Ireland's most popular counties and their top tourist attractions
Here are IrishCentral's guide and recommendations...
Temple Bar Area is the cultural quarter of Dublin. This is a historical and eclectic area filled with art, theater, music, pubs, cafes, and the highest concentration of truly upscale restaurants. There's also the Market in Meeting House Square serving organic foods, unique shops, book and music stores. It also plays host to many open-air events.
Trinity College is one of the oldest centers of learning, dating back to the 16th century. The library is home to the world renowned Book of Kells, a Latin text of the four gospels, with meticulous artwork around the borders, created in the ninth century.
The National Museum of Archaeology and History is located on Kildare Street. This branch houses artifacts from 2000 B.C. through the 20th century and includes the National Treasury with many archaeological treasures of Celtic and Medieval art, such as the Ardagh Chalice and Tara Brooch.
Christchurch Cathedral is Dublin's oldest place of Christian worship. The Christian Norse, King Sitric, founded it in 1038. Part of the structure goes back to the 12th century. It is presently an Anglican Church.
St. Patrick's Cathedral is the National Cathedral for the Anglican Church. Originally built in the 12th century, it is the burial site of Jonathan Swift, a former Dean and author of Gulliver's Travels.
Galway City is known as the City of Tribes after 14 merchant families who controlled and managed the city in medieval times and is situated along the River Corrib at the mouth of Galway Bay.
Today, the city is a growing and thriving university city that offers the best theatre in the country. There is also a vibrant nightlife and music can be found everywhere. During the summer, Galway offers many festivals.
Connemara, known for its wild beauty, is located north of Galway City, at the western tip of the county. It is one of the most unspoiled regions of Ireland and a vibrant Gaelic-speaking area.
The Aran Islands, also a Gaelic-speaking area, are located 30 miles off the Irish coast. The islands themselves consist of three islands, Inishmore, Inishmaan, and Inisheer.

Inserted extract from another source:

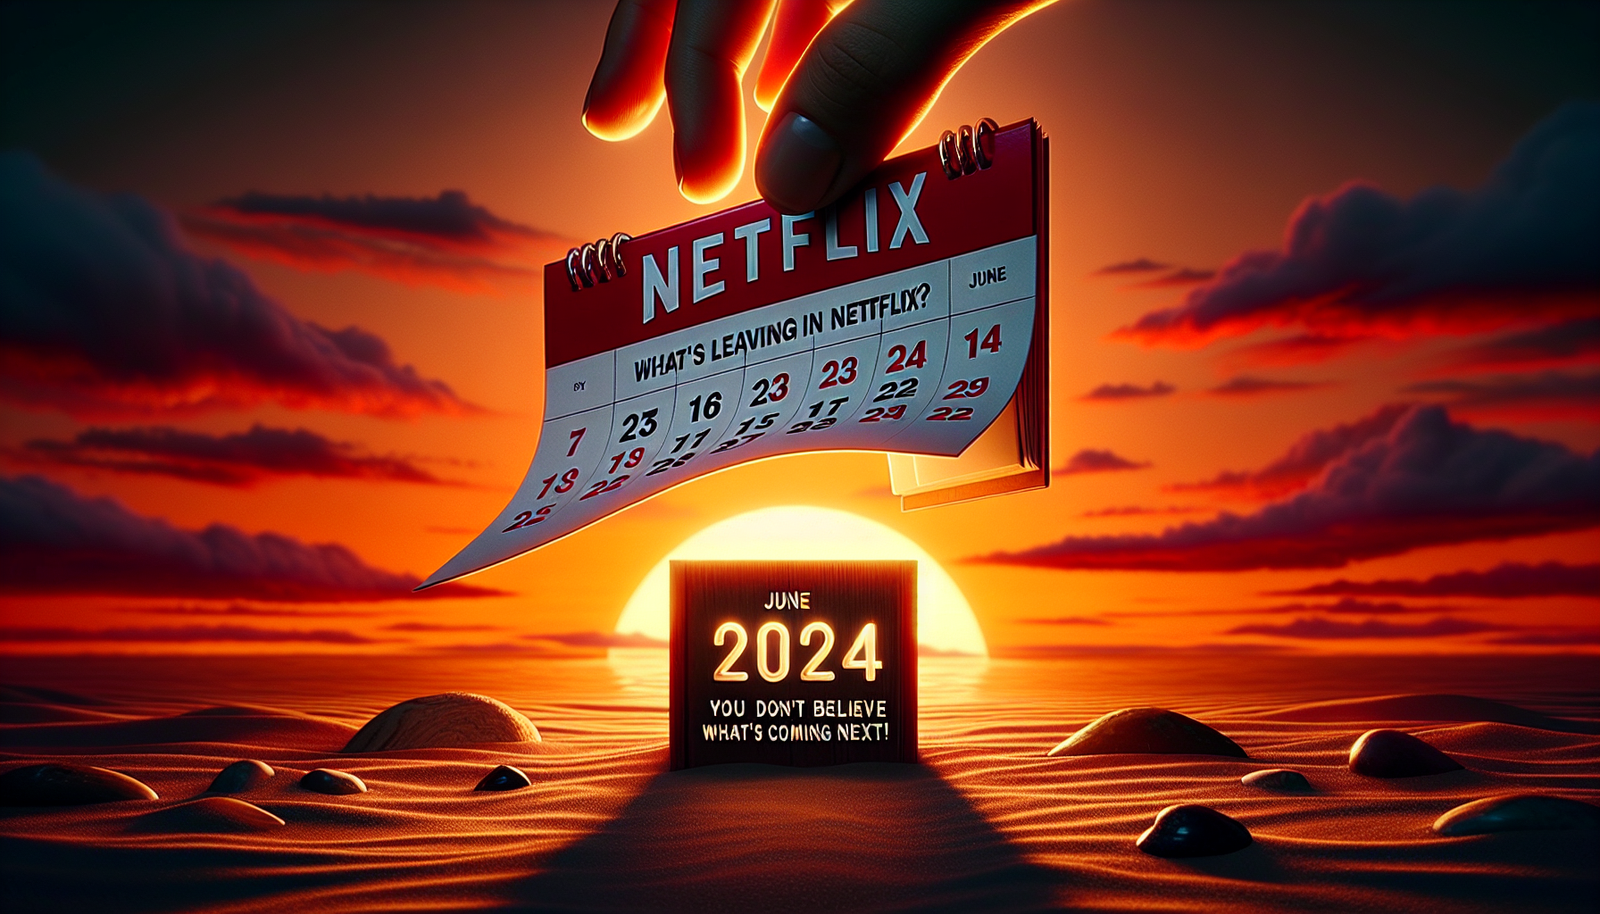 découvrez ce qui sortira de Netflix en juin 2024 et préparez-vous à être surpris par ce qui va suivre ! ne manquez pas les changements passionnants à venir !

Inis Moir, meaning Big Island, is eight miles long and two miles wide, and has a population of 900. The fort of Dun Aengus is built on the edge of a sheer southern cliff with a defense forest of sharp stone spikes.
Inishmaan means Middle Island. It is three miles wide and two miles long, with fields bordered by high dry stonewalls, and marked by vast sheets of limestone rock. The island peaks at 300 feet and a series of giant terraces slope down to Galway Bay and the Atlantic Ocean. The island has a Gaelic speaking population.

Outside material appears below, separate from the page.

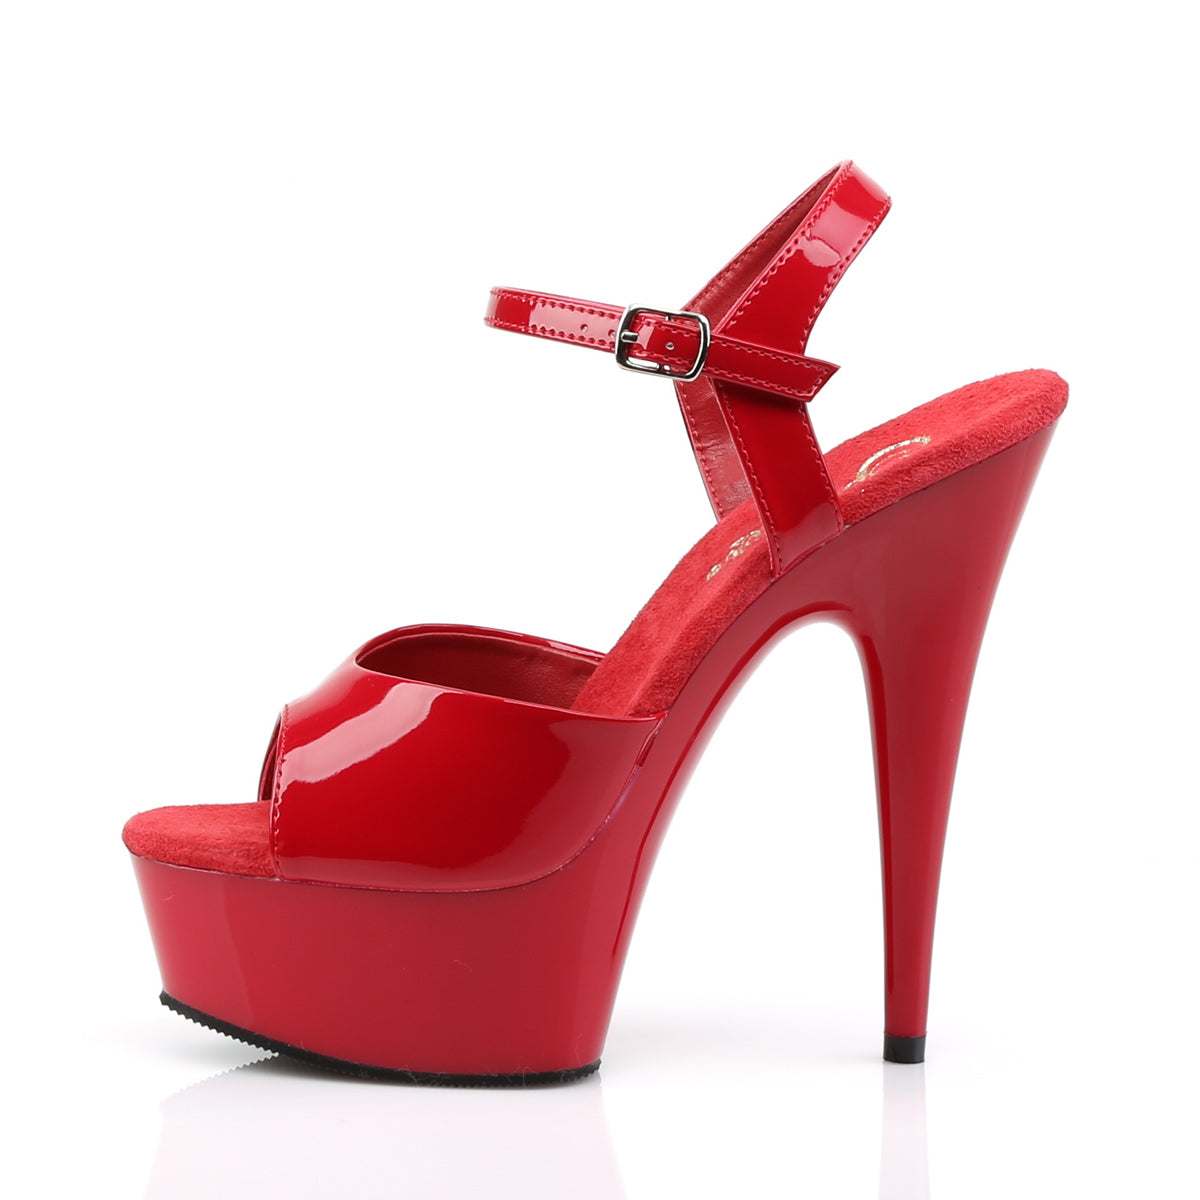 Pleaser Sandali da donna DELIGHT-609 Pat / rosso rosso / rosso

Inisheer is known as the Little Island. It is 27 miles from Galway and covers 1,400 acres. It has a population of about 300. This island is an outcrop of the Burren landscape, consisting of bare limestone that is used for the many cottages, stonewalls, roads, and pathways around the island. The Gaelic-speaking island is a haven for birdwatchers and those interested in flora and fauna.